Understand the Connection Between Holidays and Addiction

While there is no single reason people turn to alcohol or drugs, research shows that people dealing with depression, stress, loss, and grief are more prone to turn to substances to cope. The holidays can be a major trigger because it may highlight perceived shortcomings or absence in your life. It may also highlight family dysfunction and bring forward complicated emotions that are hard to navigate. Being aware of why the holidays may be difficult for you and being prepared to use more beneficial coping mechanisms can help you weather the season without risking your sobriety.

Holiday Coping Tools in Recovery

Learn How to Change Your Thinking

If you have a complicated relationship with the holiday season trying to navigate this time of year can be challenging. Negative thoughts and emotions can quickly spiral into poor coping mechanisms and cause you to fall back into harmful habits. 

This is why so much of the recovery process focuses on mindfulness and self-awareness. Being able to recognize the thought-action cycle allows you to recognize early warning signs of relapse and choose better alternatives. Challenging the psychological source for addictive behaviors allows us to develop new, more beneficial habits as we grow through recovery.

Make a Plan

It’s essential to develop a plan to be able to enjoy the holidays while simultaneously mitigating the risks that can arise. When developing your plan, remember:

  1. Tell someone you trust to help you stay accountable.
  2. Create a contract with your support system.
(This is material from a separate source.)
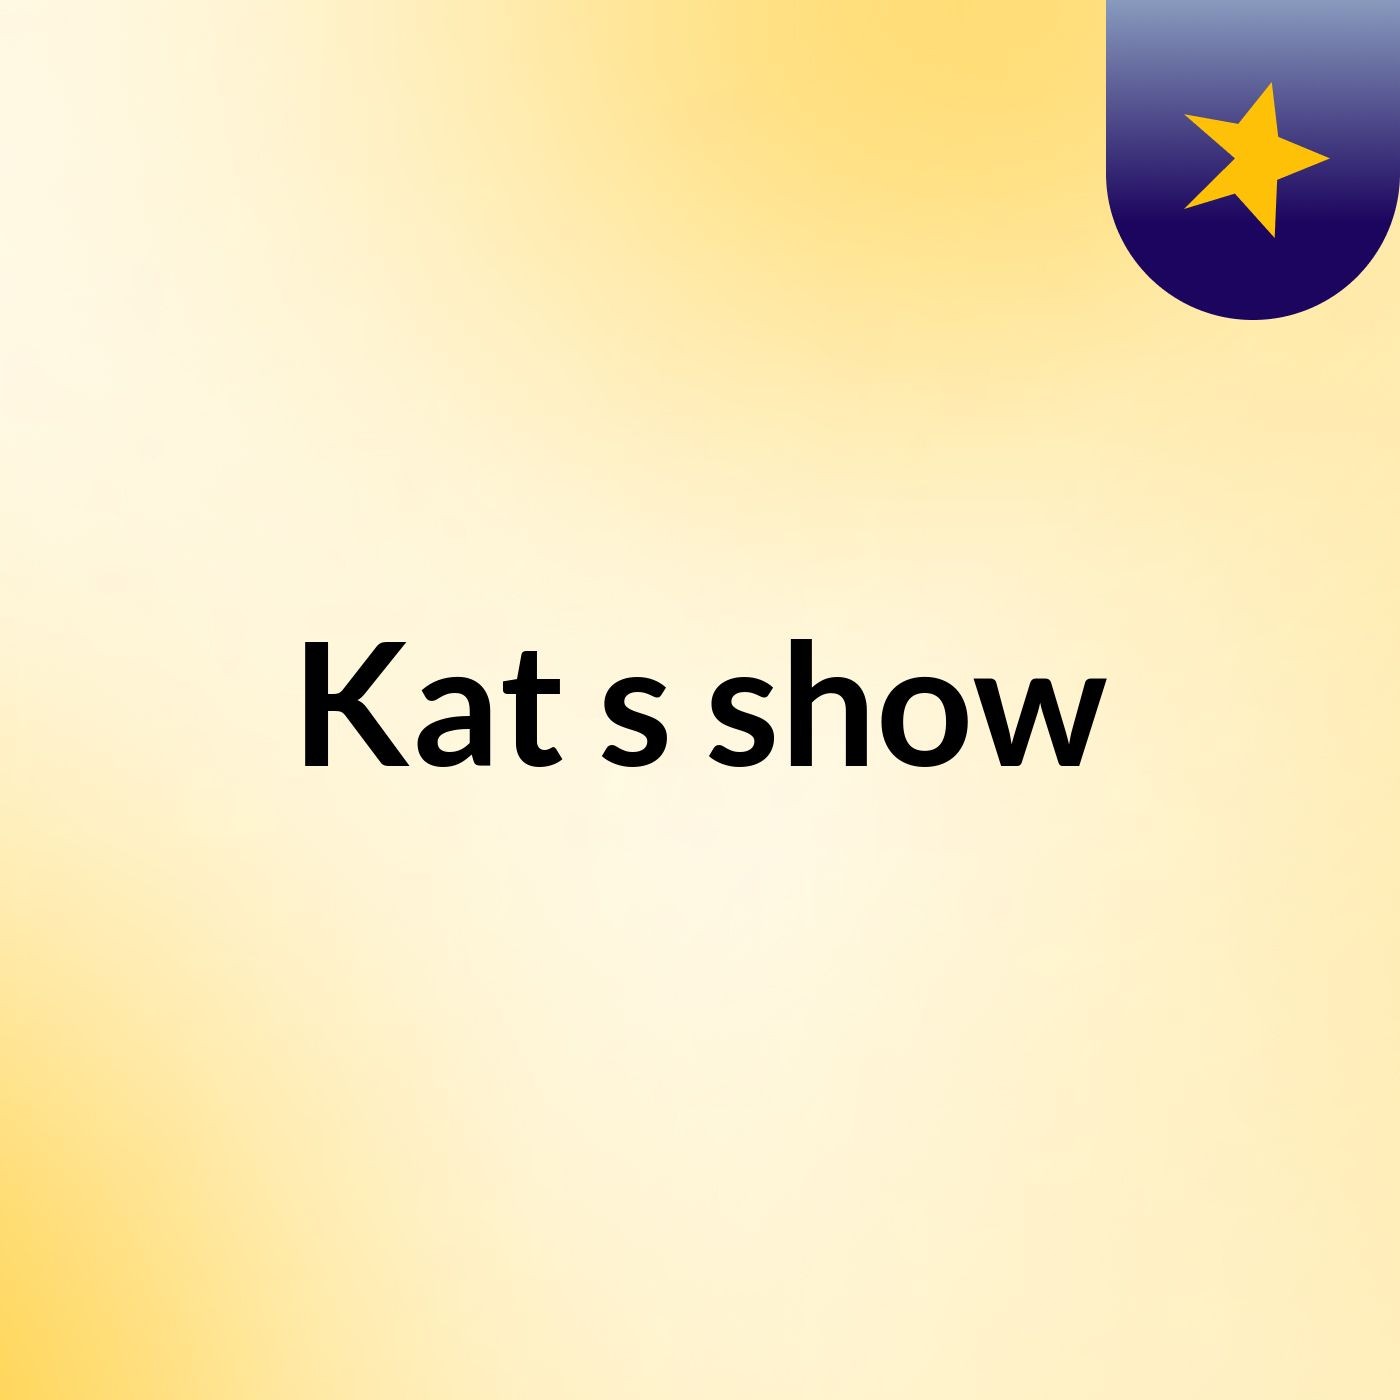 Kat's show

Detail the steps you’ll take to prevent relapse and your reasons for remaining sober. Putting your plan in writing helps you stay on track.
  3. Keep emergency contact information such as the National Suicide Prevention Lifeline, National Eating Disorder Helpline, or the Addiction Resource Center readily available in case you need them. Niznik Behavioral Health alumni have access to our specialized relapse prevention hotline 24/7/365.
  4. Connect with your community. Sharing your thoughts and feelings during this season with others who have similar experiences can help immensely. Voicing your concerns and working through them in group therapy sessions or during AA/NA meetings is a great way to get them out in the open and ease your stress or anxiety.

Set Boundaries

Prioritizing sobriety during the holidays is vital to avoid unintentionally falling back into old habits. This includes setting and enforcing boundaries both with yourself and others. While it can be tempting to push the limits in early recovery, doing so can quickly lead to relapse. 
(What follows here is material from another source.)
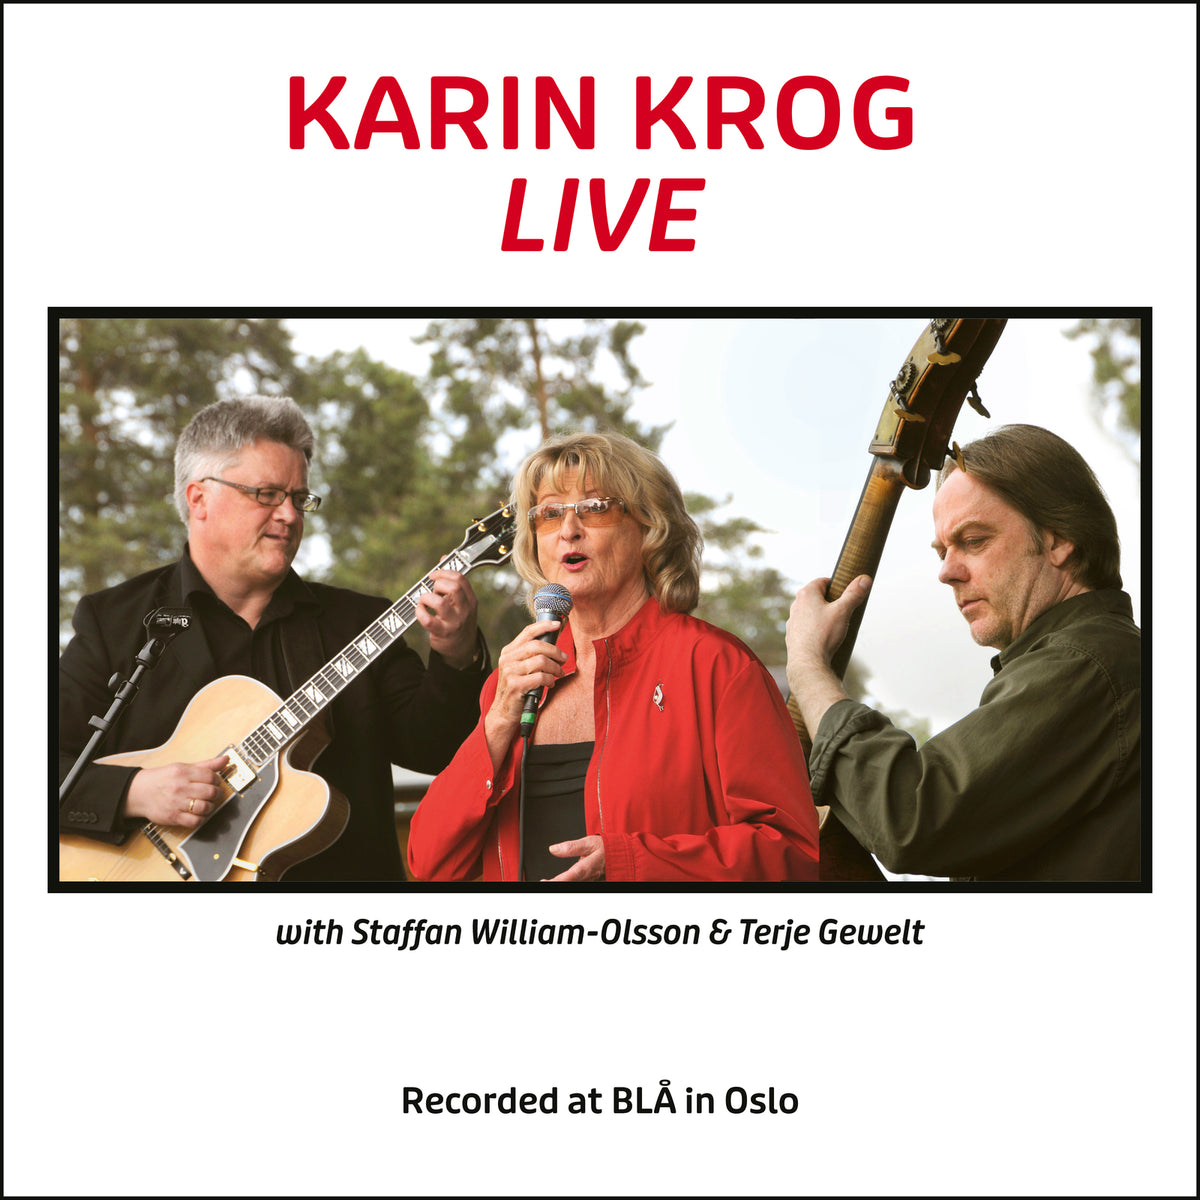 Karin Krog - Karin Krog Live - MR24

The most important thing to keep in mind when setting boundaries is consistency. You are outlining the treatment and behavior you are willing to accept or tolerate from yourself and those around you. Getting into the habit of allowing exceptions to your boundaries undermines their intended purpose, especially when it comes to recovery. Remember, sobriety isn’t something you can do halfway. Don’t allow others to draw you back into bad habits in the name of ‘holiday fun.’ While the temptation may arise to indulge as part of your holiday celebrations, it isn’t worth squandering all your hard work.
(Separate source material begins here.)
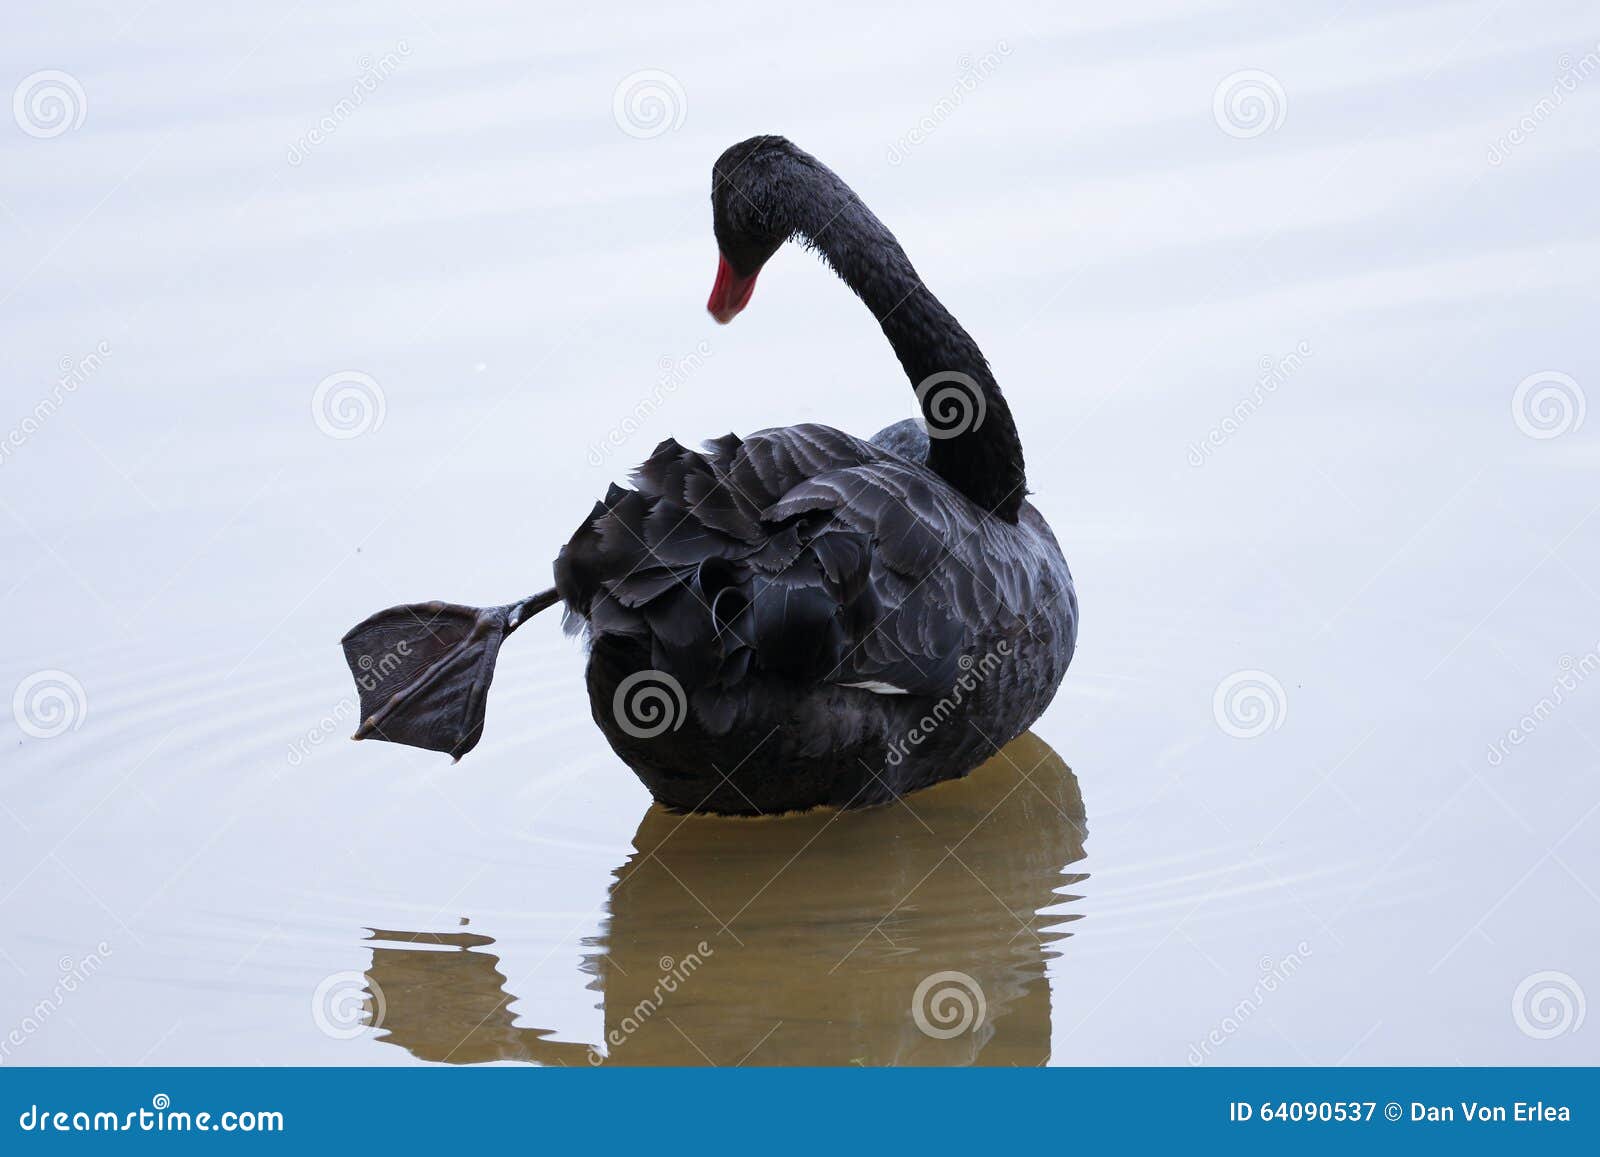 Black Swan Ballet danser portrait, hasselblad, 8k, | Stable Diffusion

As families and friends once again gather for the holidays, be clear with your boundaries and make the best decisions for you. This may mean choosing not to attend certain gatherings or maintaining distance from people who do not have your best interest at heart. If this is your situation, know that there are people by your side who are rooting for your continued success.

Assess your Mental Health

A recent study found that 30 percent of individuals who died from overdose had not received any treatment for substance use disorder in the past year. Often drug and alcohol abuse stems from underlying causes such as anxiety, depression, or unaddressed trauma. Recovery begins by addressing these mental health concerns and finding support for healing and growth.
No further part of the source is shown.